Exceptions that one expects would be needed would include both where a rule or provision should not apply to retained direct EU law and where it needs to be made clear that it has been superseded by the provisions in this Bill. They include, but are certainly not limited to, for example, how the common law would apply, including the rule in Pepper v Hart; how we would deal with presumptions about extraterritoriality; how we would deal with the issue of parliamentary privilege to proceedings leading up to an enactment; and how we would deal with the presumption of non-application to the Crown of legislation. Even armed with the most extensive legal team, it would be very difficult to come up with a simple rule, and any finite list of exceptions to that simple rule. What I have endeavoured to do, therefore, is demonstrate that a simple rule that required a large number of exceptions would not be a simple rule. At some point, there would be so many exceptions to any simple rule that it would cease to be meaningful.

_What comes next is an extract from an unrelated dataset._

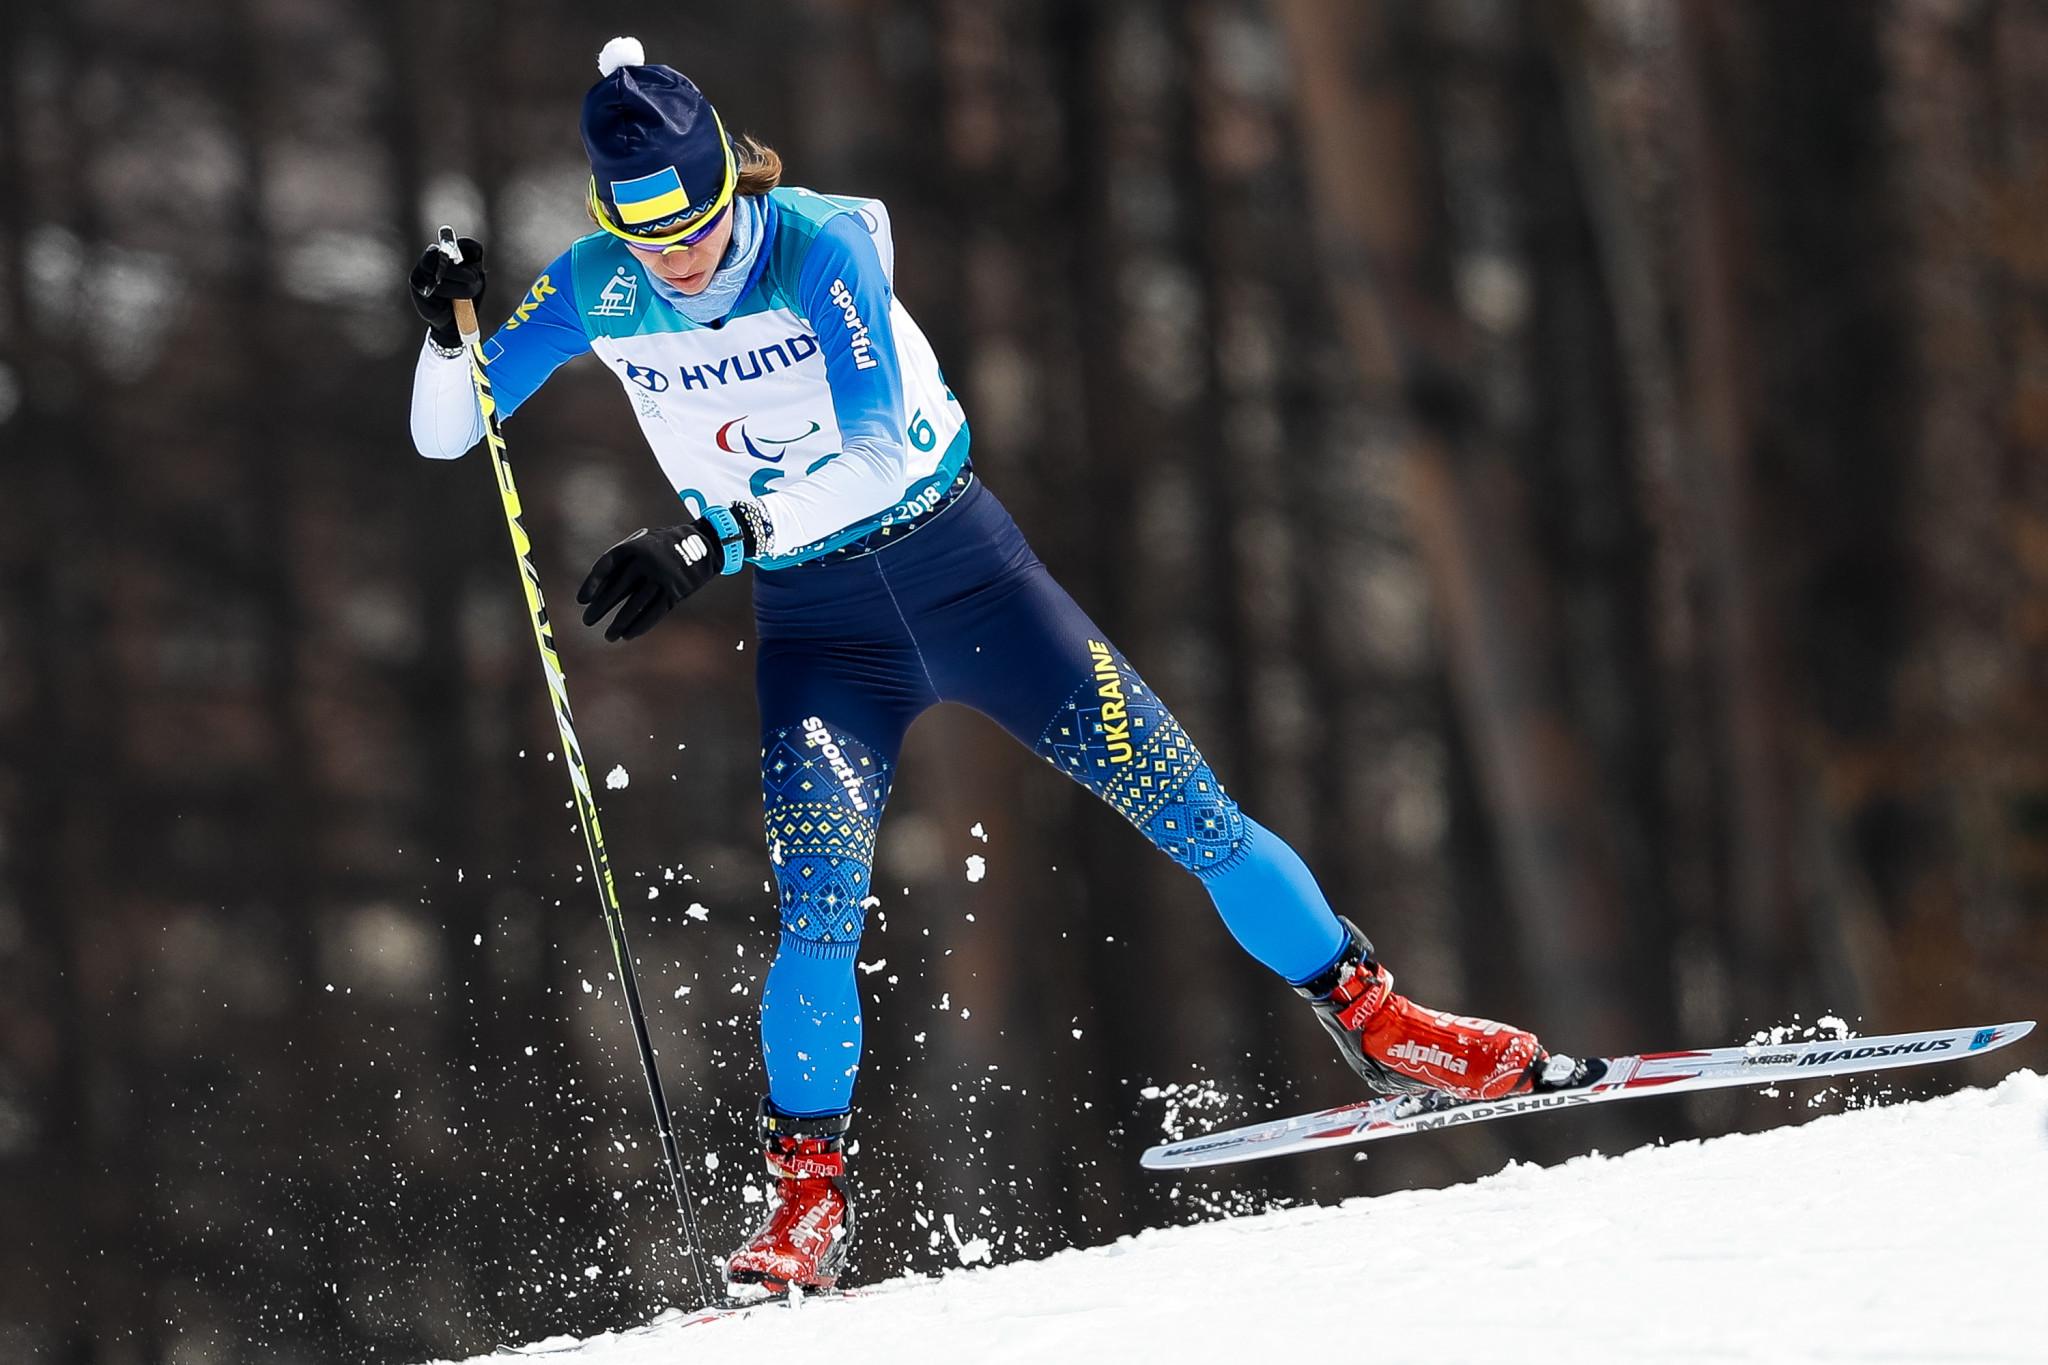 Liudmyla Liashenko won the the women's 6km biathlon standing final in Vuokatti ©Getty Images

I should add that, despite this clear need for exceptions—some of which I have mentioned before—this amendment produces an absolute rule with no mechanism for departing from it. To support this amendment, noble Lords would have to be confident that in each place where the words “primary legislation” appear across the statute book, the provision must apply entirely correctly to the EU regulations and that in each place where the words “subordinate legislation” appear, the provision must apply entirely correctly to EU tertiary legislation. We simply do not see how we can be reasonably confident about that.
I would wish to be able to endorse the simple rule put forward by the noble Lord on behalf of the Constitution Committee, but I am afraid that such elegant simplicity is simply not possible for this purpose. There is no escaping that there will have to be an
exercise to go through each of the 5,000 references I mentioned to discover in which of them it is relevant to set out how they apply to different types of retained direct EU legislation. The only sensible approach is to look at each of those references and decide the right result in the particular context.
In response to the concerns expressed by the noble Lords, Lord Pannick and Lord Beith, where provisions need to apply to retained direct EU law, this is one of the uses to which the consequential power in the Bill will be put. However, I remind noble Lords that that power is now sunset, it is subject to sifting and any SIs of particular interest can be brought forward under the affirmative procedure. This is not a power to make constitutional provision by secondary legislation but rather to ask Parliament to approve, if required, how a range of references and provisions on the statute book should apply to retained direct EU law. We are conscious that any steps taken in that regard will be the subject of keen and direct scrutiny, and so they should be—we fully accept that.
In the present circumstances, and with that explanation, I hope that the noble Lord will understand that his amendment and his intention to provide for an elegant and elegantly ordered statute book cannot, in our view, succeed in the face of the demands of some degree of legal certainty and good lawmaking. In those circumstances, I invite him to withdraw his amendment.